For a very small fee ($26/month per unit in commercial volumes), major ocean carriers will be able to specifically identify exactly where and what’s the status inside a container globally for the first time in history. That sales advantage for such a low cost, with a back-end value to the carrier via the empty re-positioning advantage, will be priceless to any carrier. Today, containerized shipping is a commodity. In fact, ocean shipping rarely differs in price from one carrier to another. With the BTD attached to a carrier’s boxes, such a value proposition will not only be unique, but it will also be an easy pass-through charge to the ultimate Beneficial Cargo Owner (BCO/Customer).
The BCO needs a new perk to continue with CTPAT, and Bloodhound is actively working to secure a Tier 4 status to any BCO/Importer who uses the device/system.
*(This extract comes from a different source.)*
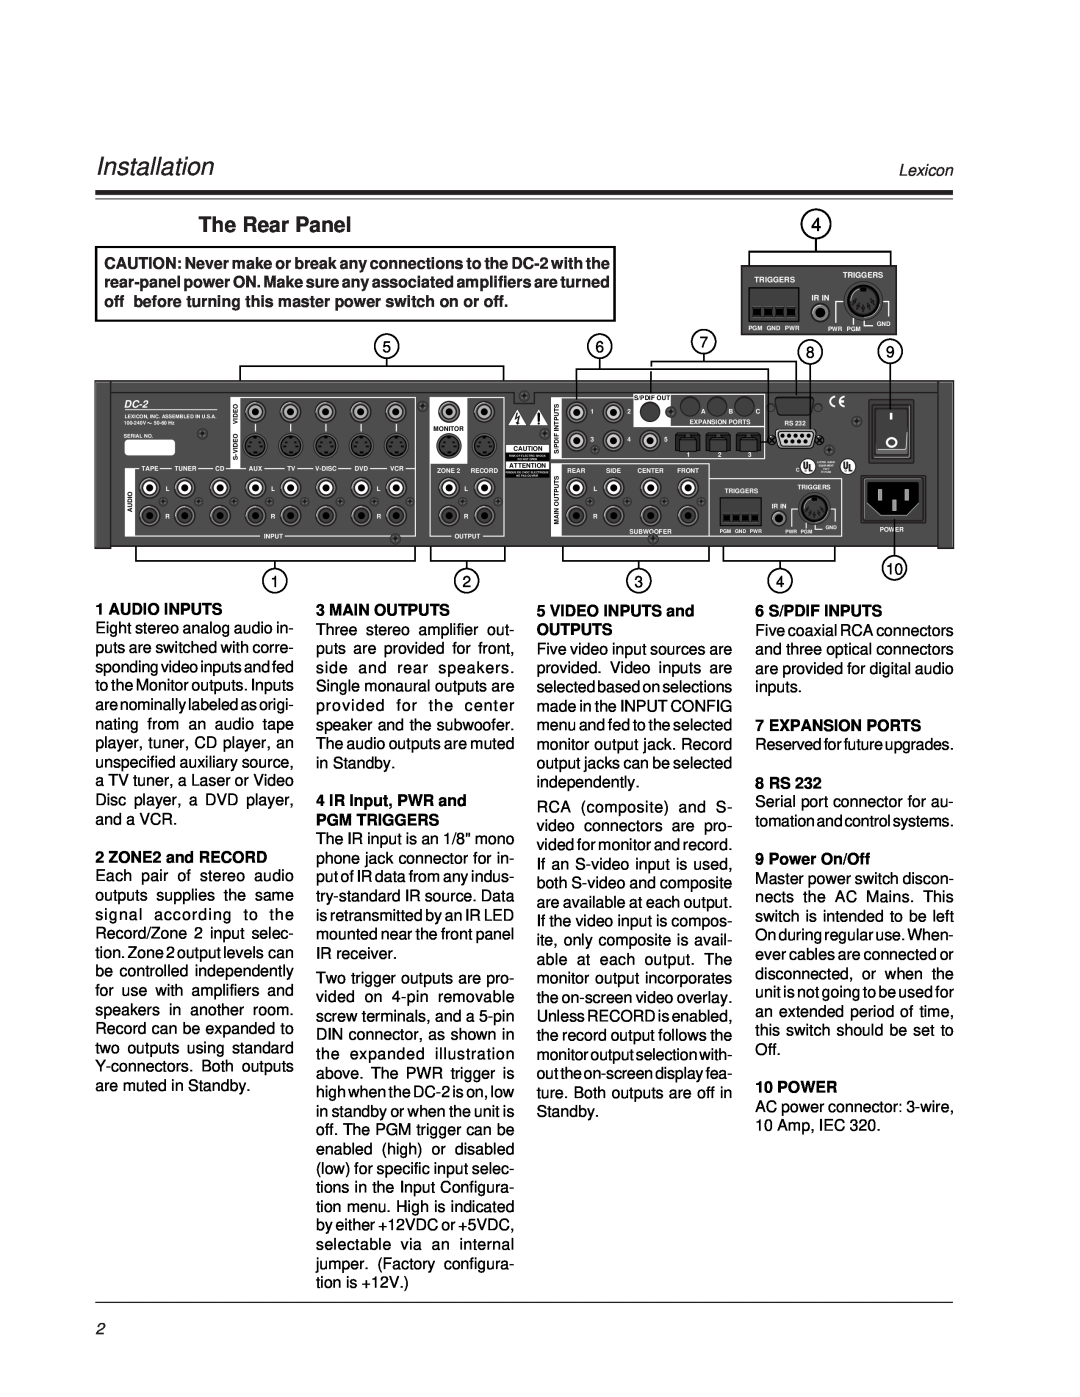 Lexicon DC-2 owner manual Installation, The Rear Panel, Lexicon 
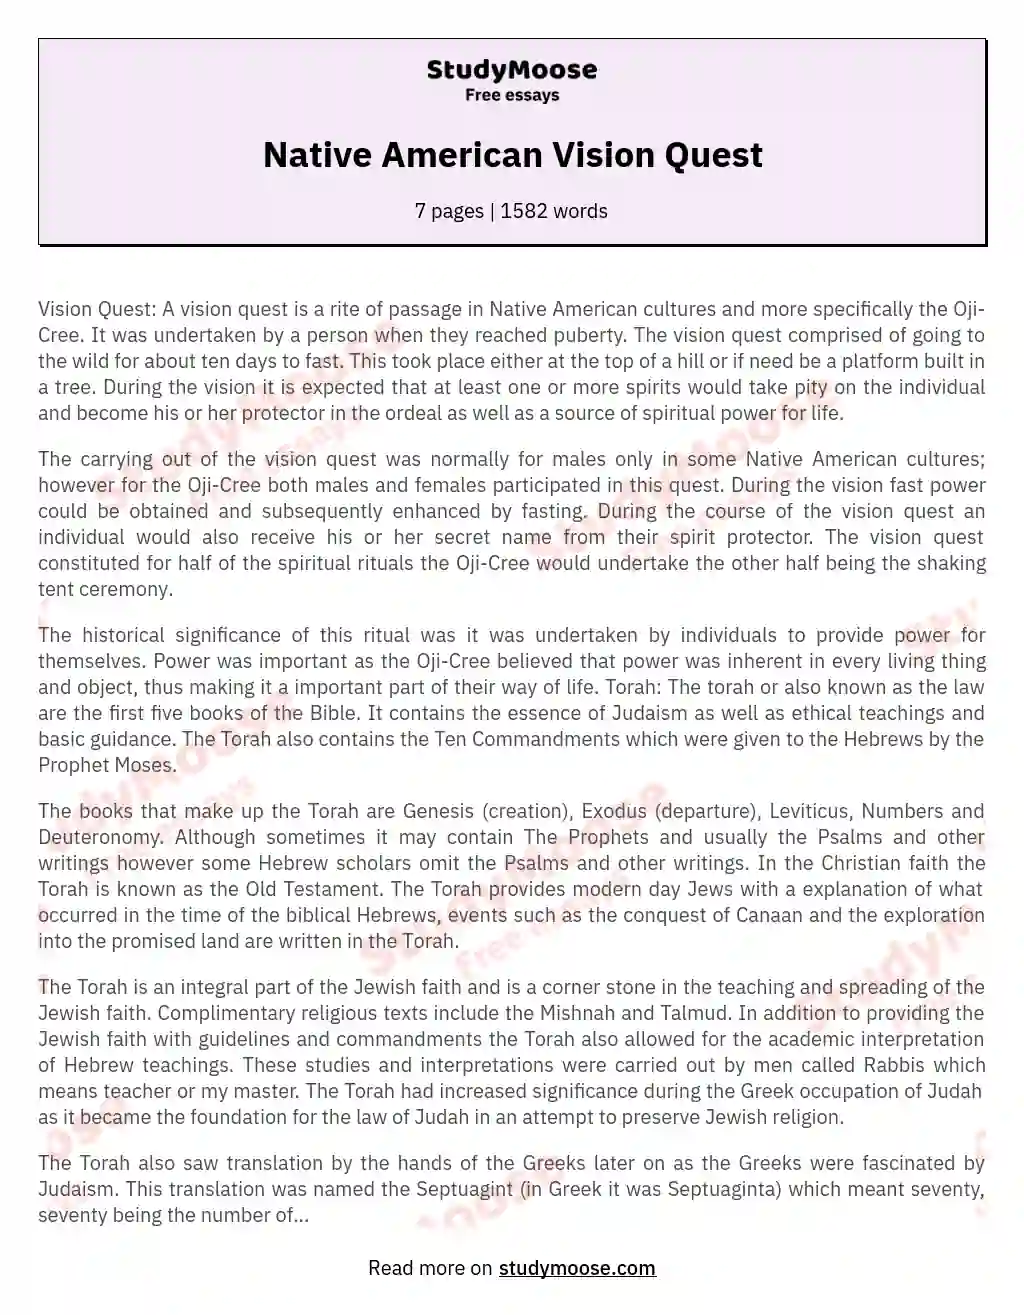 Native American Vision Quest essay

There are currently only 3 Tiers of CTPAT membership, and over 11,400 shippers, ocean carriers, freight forwarders (FF), Custom House Brokers and others are members. Tier 3 is the highest level today, and it helps speed up the supply chain, but it is still not enough. As the chairman of the CTPAT COAC Committee for 4 years, the CEO of IMSW was very close to CBP in forging and creating new and more commercially acceptable CTPAT benefits. Bloodhound Tracking Device believes that asking for these additions to CTPAT Tier 4 or equivalent would be warranted because the carriers and BCOs will know, in real time, the security condition of the box. BTD executives are asking Customs (CBP) for these added benefits to a new Tier 4 status:
Zero Inspections (except for terrorism reasons found through other channels).
Fast Track border crossing (this is especially fruitful for intermodal container trains from Canada and Mexico that could be aided by using the BTD device, and its use would easily de-congest the borders).
Less Validations. Currently each CTPAT participant gets validated every 1-3 years and by reaching Tier 4, the validation could be for as long as every 5 years.
Huge improvement in CTPAT participants’ TMS and GTS tracking.
The lack of predictability created by the global pandemic has made asset tracking (non-powered ocean containers specifically) even more critical for organizations and their customers.
A recent Freight Waves survey of Supply Chain executives in Summer of 2021 reported that 63% said real-time track and trace is the most important customized feature to them in any supply chain monitoring system. Shockingly, 63% of respondents also said that the method they use to perform track and trace processes to gain visibility for the products currently within their supply chain is their employees making check calls. The number one need for those same executives was to know, for certain, where the freight is located, and if it has been compromised!
The hole in the donut of many of the systems on the market is there is no universal device/system that accurately tracks and detects anomalies in your freight at a cost of less than $150 per shipment, and cumbersome install, de-install, and return-to-owner process. BTD has no CapEx and requires only a $26/unit lease (in commercial volumes).